石井一久氏「息子のように…」/球界からも悼む声

石井一久氏

 野村沙知代さん(享年85)の死去を受け、球界からも悼む声が寄せられた。

 星槎国際湘南(神奈川)土屋恵三郎監督は、訃報に絶句しつつ、開口一番「忠克は会えただろうか」と言った。沙知代さんの三男でヤクルト2軍コーチの克則氏(44)の長男の忠克選手は、同校野球部の1年生。「たまたま今日、インフルエンザの影響で、寮生をみんな実家に帰したんです」と続けた。入学時には人づてながら、沙知代さんから「土屋監督の下で野球をやらせられて安心です」と言われたという。

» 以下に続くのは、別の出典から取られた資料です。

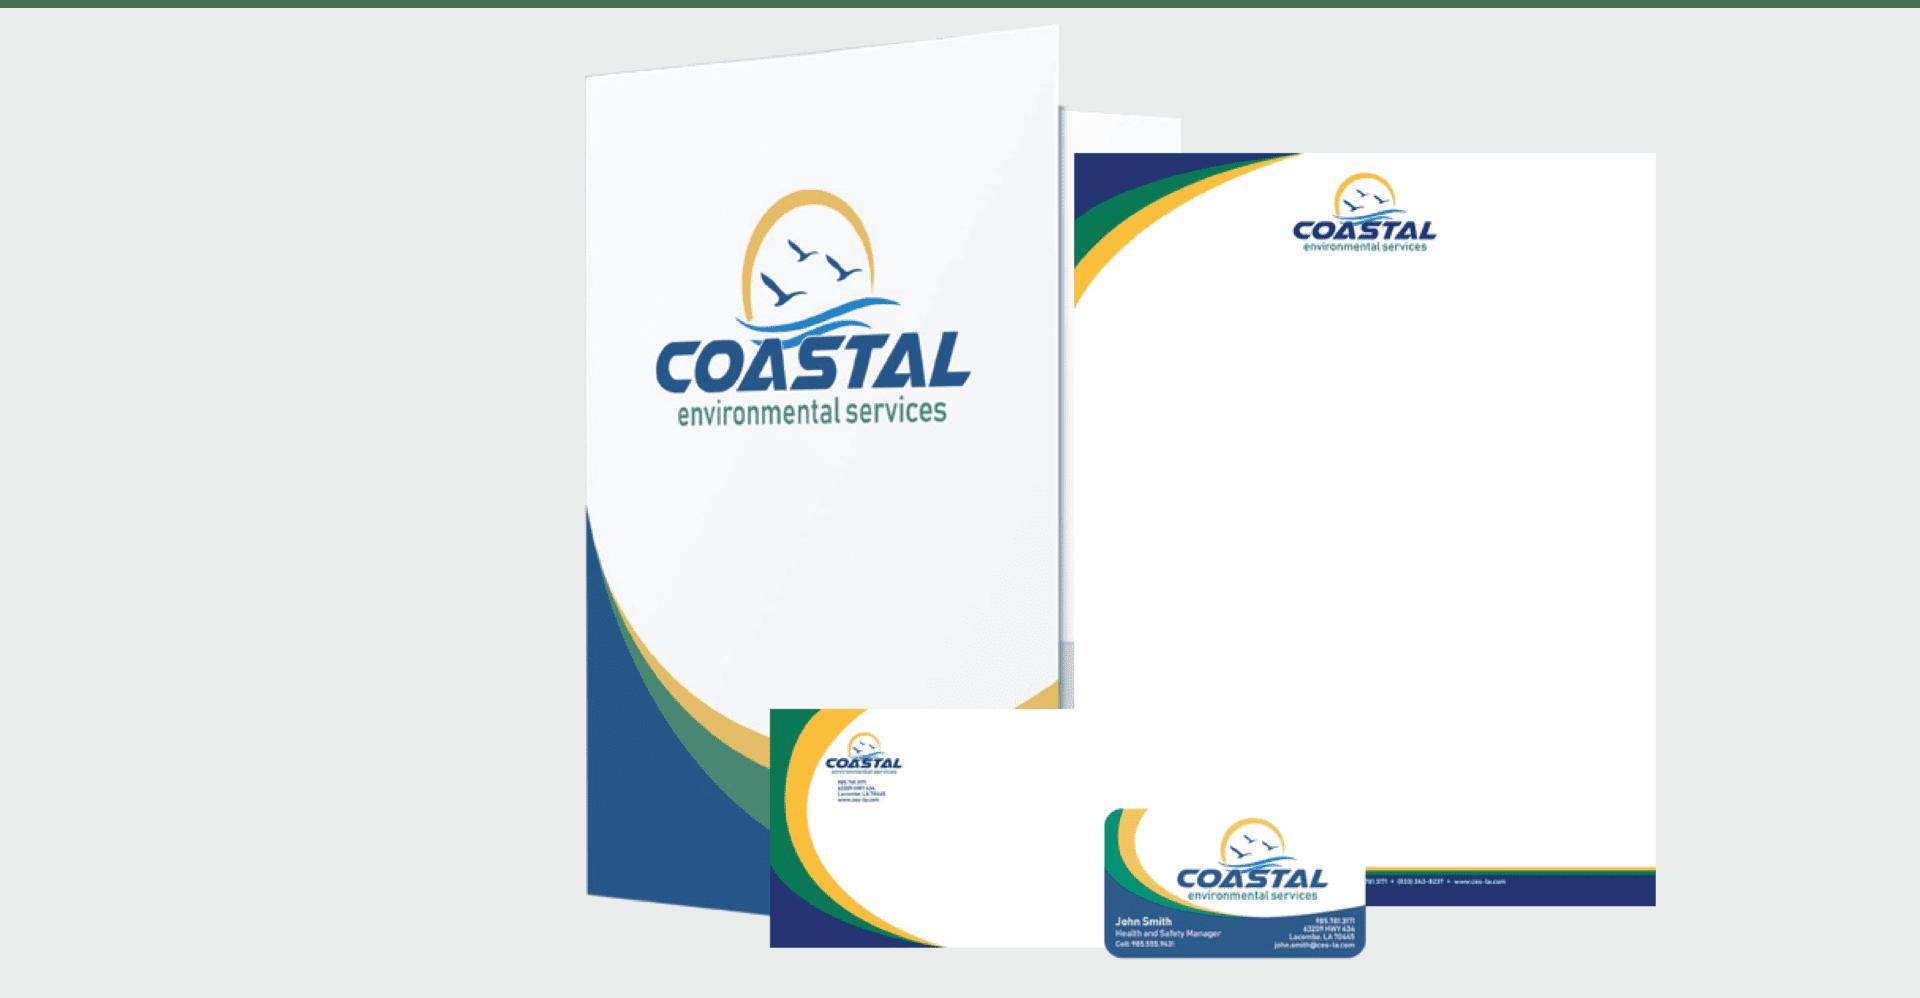 Coastal Environmental Services Example Signs

 沙知代さんがオーナーを務めた野球チーム・港東ムースから、G・G・佐藤が当時監督を務めた桐蔭学園に入学するなど、親交があった。「お弁当を確認して食べさせたり、お餅に納豆をのせて食べさせたり、とにかく野球に情熱をもって指導していた方。来年には忠克の活躍を見られるんじゃないかと、楽しみにしていたのですが。ご冥福をお祈りします」と話した。

<球界関係者のコメント>

 ◆広瀬叔功氏(南海時代、野村氏とチームメート) お互い年を取ったので、同年代の人たちが亡くなっていくのは寂しい。ノムやんも気を落とさないで、しっかり生きていきましょう。

 ◆松井優典氏(ヤクルト、阪神、楽天で野村監督の参謀) 今年、足の骨折で入院して花を送ったら電話が来た。元気そうな声で安心したんだけど。中元の礼状も今年もらったし。いろんなところで助けてくれた。寂しい。

 ◆野球評論家で元ヤクルトの古田敦也氏(野村監督の指導で球界を代表する捕手に) いつも明るく激励していただきました。アンタが頑張らなきゃ勝てないんだから、しっかりしないと、と。ご冥福をお祈りします。

 ◆楽天池山2軍監督 ヤクルト時代、そして楽天イーグルスにコーチとして来てからも大変お世話になりました。いつもお会いするたびに「克則よろしくね」と言われていたことを思い出します。

 ◆野球解説者で元ヤクルト石井一久氏(入団時の監督が野村監督) 沙知代夫人には、入団した時から他の選手以上に気にかけてもらい、克則と同い年だったこともあり、息子のようにかわいがってもらった思い出があります。最近はお会いできていませんでしたが、とても残念です。